DATURA ARBOREA Linn.                                                                                               ANGEL’S TRUMPET

 

Brugmansia arborea Steud

 

Local names: Trompeta (Tag.); borrachero, floripondio (Sp.); angel’s trumpet (Engl.).

 

Angel’s trumpet was very recently introduced into the Philippines. It is cultivated  in Baguio for ornamental purposes where it grows well, though it is a native of Peru and Chile.

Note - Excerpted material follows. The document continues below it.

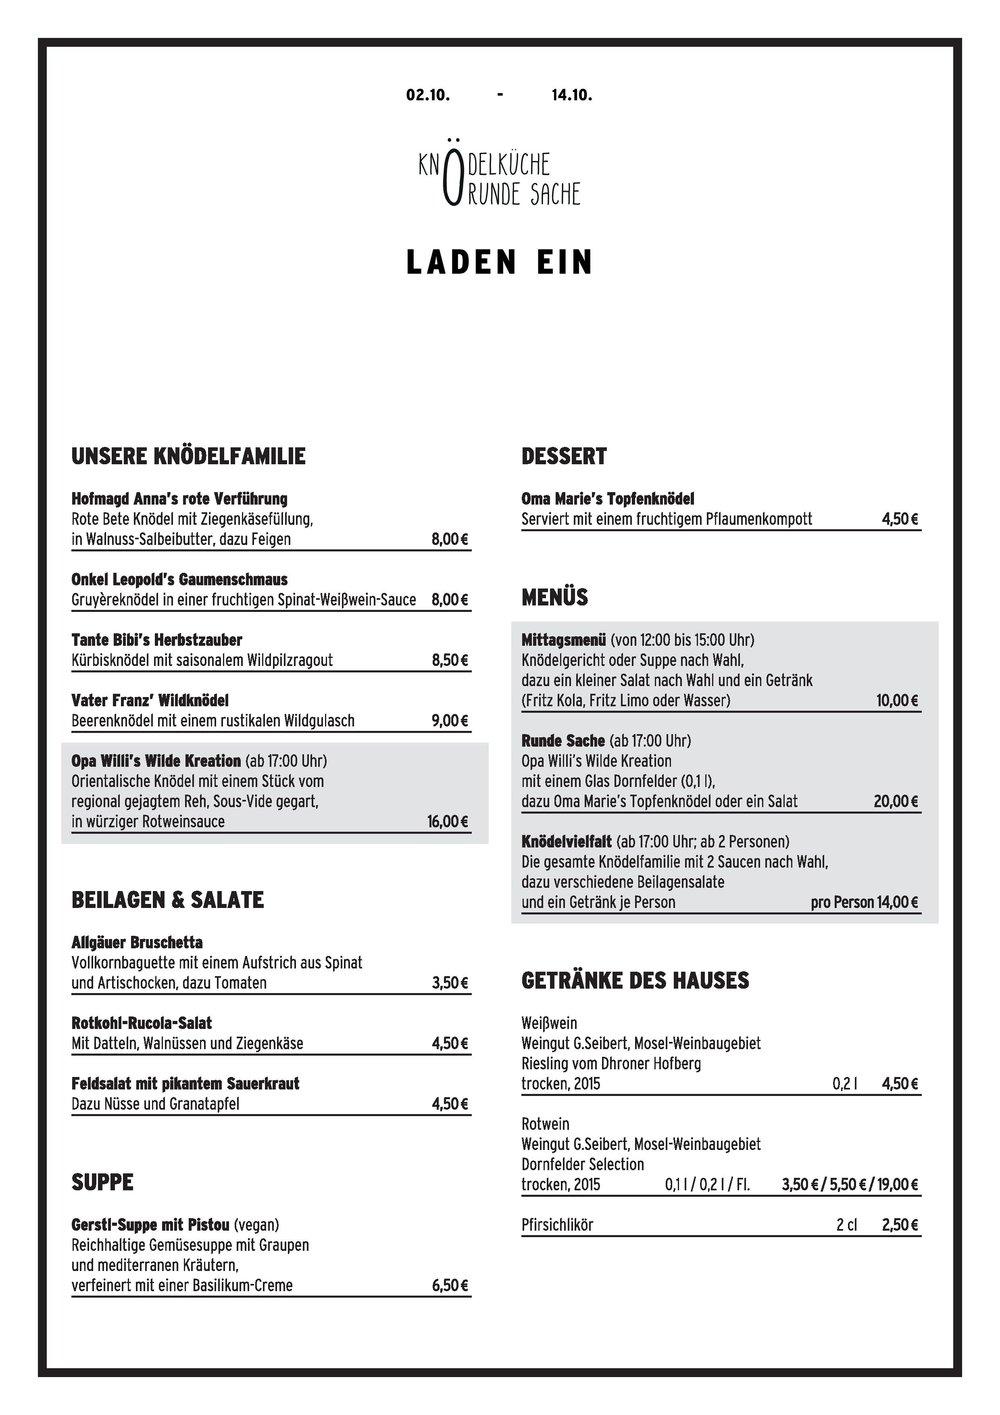 LadenEin_RundeSache_Speisekarte_DINA4-v2-page-001.jpg

This ornamental plant is a small tree growing in Baguio to a height of usually 3 meters and sometimes more. The leaves are ovate-lanceolate, 13 to 18 centimeters long, and 6 to 8 centimeters wide, with pointed tip, unequal, obtuse or rounded base, and with entire and hairy margins. The flowers are creamy-white, pendulous, musklike in odor, and very large and showy being 18 to 22 centimeters long. The calyx is tubular, entire and spathelike. The corolla-tube is cylindrical and has very long lobes. The plant does not fruit generally in Baguio.

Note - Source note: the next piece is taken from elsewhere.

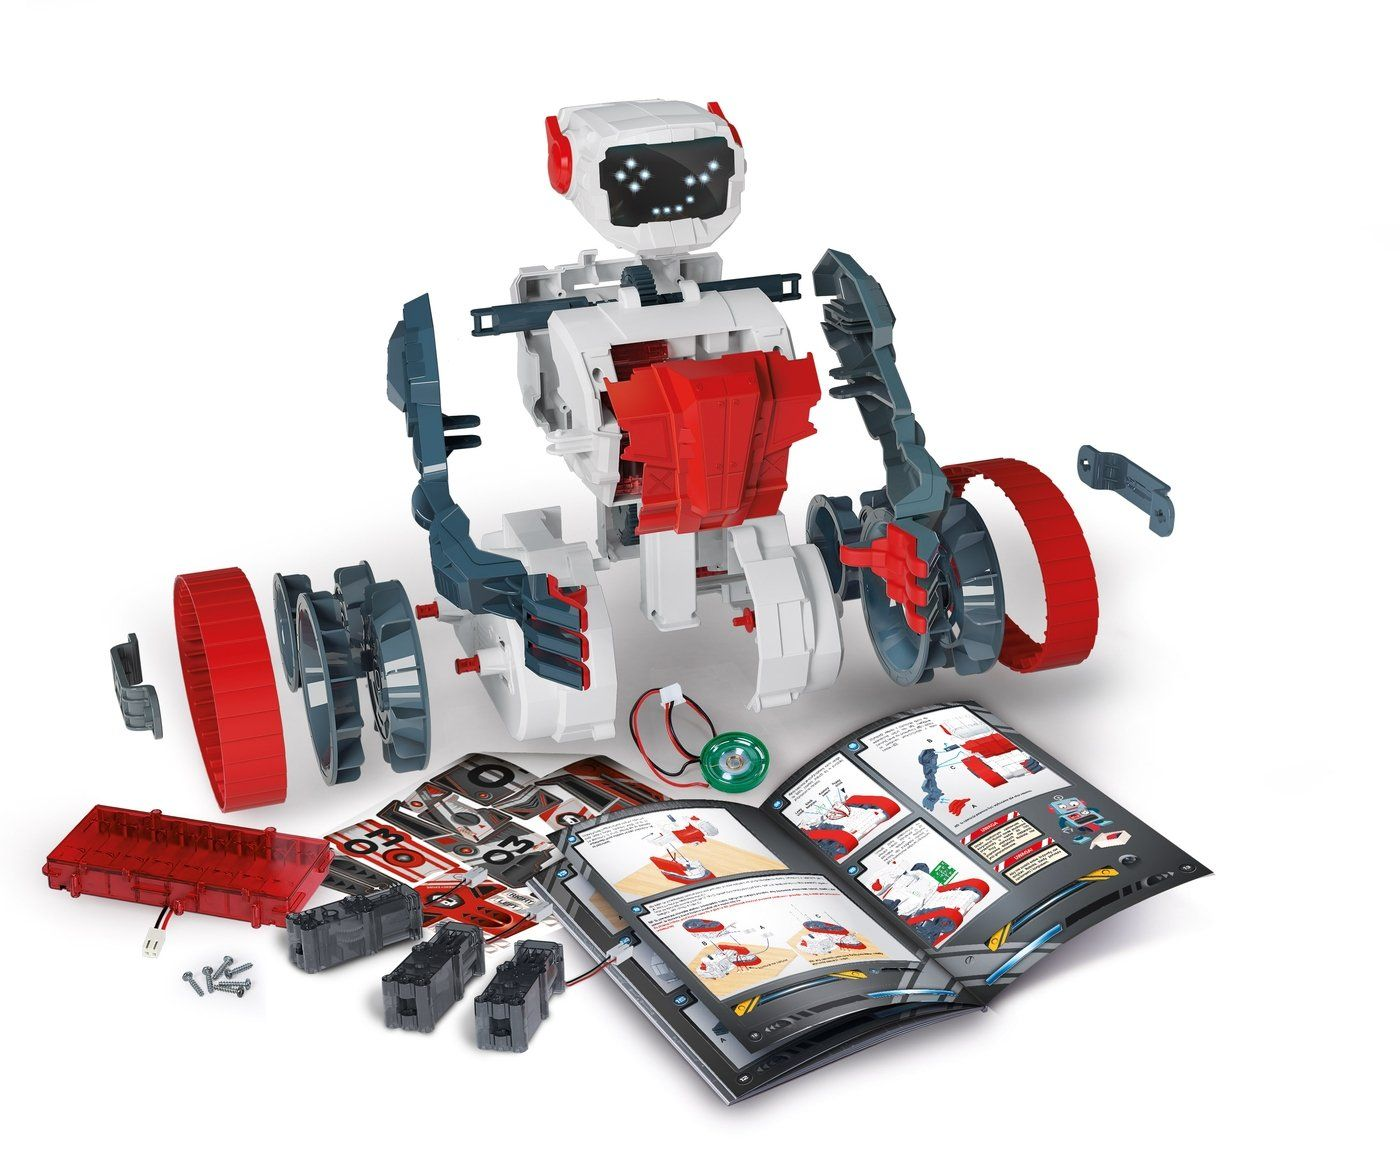 179f8648a094 Zabawki na prezent Programowalny Robot Evolution - Clementoni ...

According to Wehmer it contains the alkaloids hyoscyamine and scopolamine. The leaves, flowers, stems, and roots contain scopolamine and some hyoscyamine. The seeds contain scopolamine and hyoscyamine, while the stem has much hyoscyamine and a little scopolamine, and the roots have some atropine and a little hyoscyamine. The leaves contain scopolamine 0.444 percent.

Martinez quotes Dr. J. Saldaña, who claims to have found an alkaloid in the leaves, which he calls floripondine. The National Medical Institute of Mexico analyzed the leaves and flowers in 1911 with the following results:

 

Analysis of the leaves

 

Percent

Resin

4.72

Fats

2.08

Tannic acid

1.30

Glucose

1.00

Gummy principles

9.70

Dextrin

2.20

Cellulose

53.34

Mineral salts

15.80

Atropine

0.02

Moisture

98.40

 

 

Chemical composition of the flowers

 

Percent

Fats

1.82

Resin

1.82

Tannic acid

0.16

Glucose

8.09

Alkaloid

0.012

Gummy principles

10.96

Substance allied to dextrin

2.50

Cellulose

63.67

Moisture and others not dozed

10.968

 

 

 

Martinez says that more alkaloid is found in the bark (0.025 per cent).

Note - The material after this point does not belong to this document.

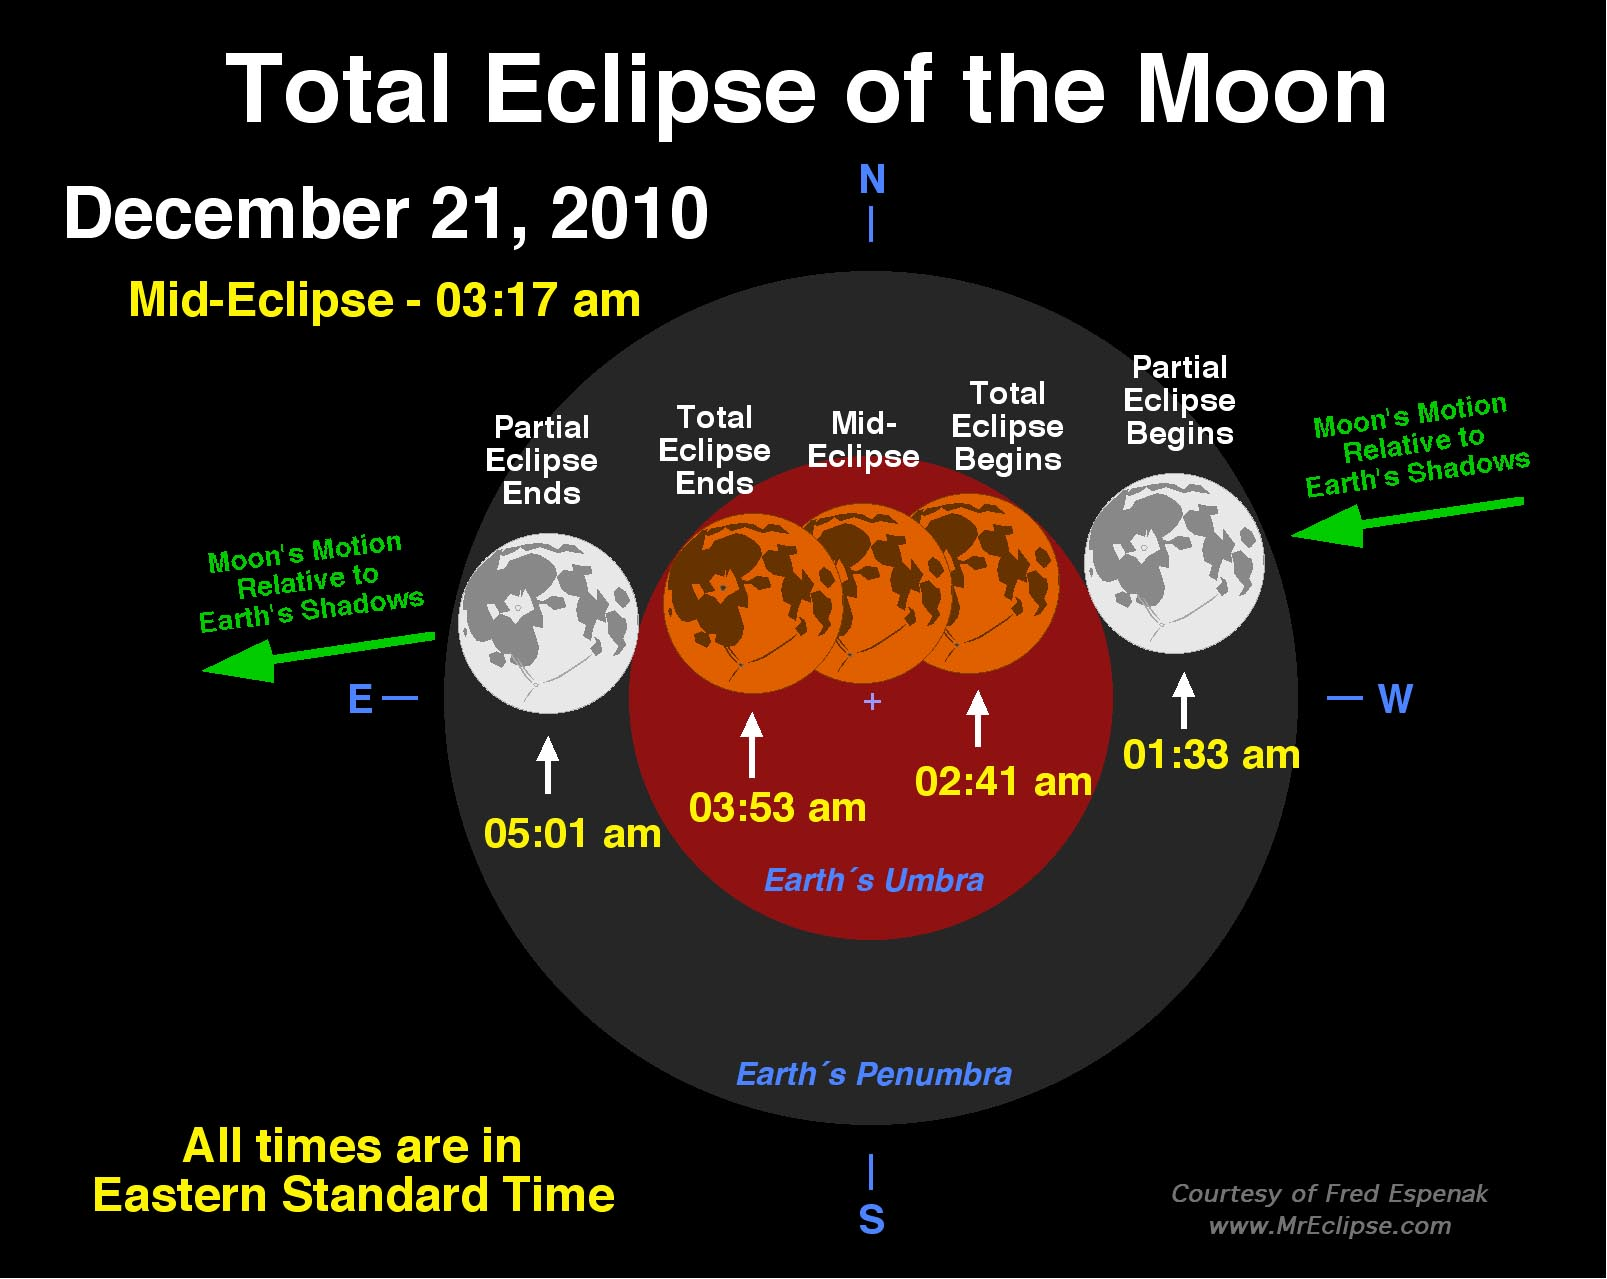 NASA Lunar Eclipse Calendar - Pics about space

The leaves are official in the Mexican (3,4) Pharmacopoeias.

According to Martinez, in Peru, Chile, and other parts of South America a poultice is made of the leaves and is applied externally to accelerate suppuration of boils and to relieve pain. Martinez says that the plant could be used for belladonna if given in a double or treble dose.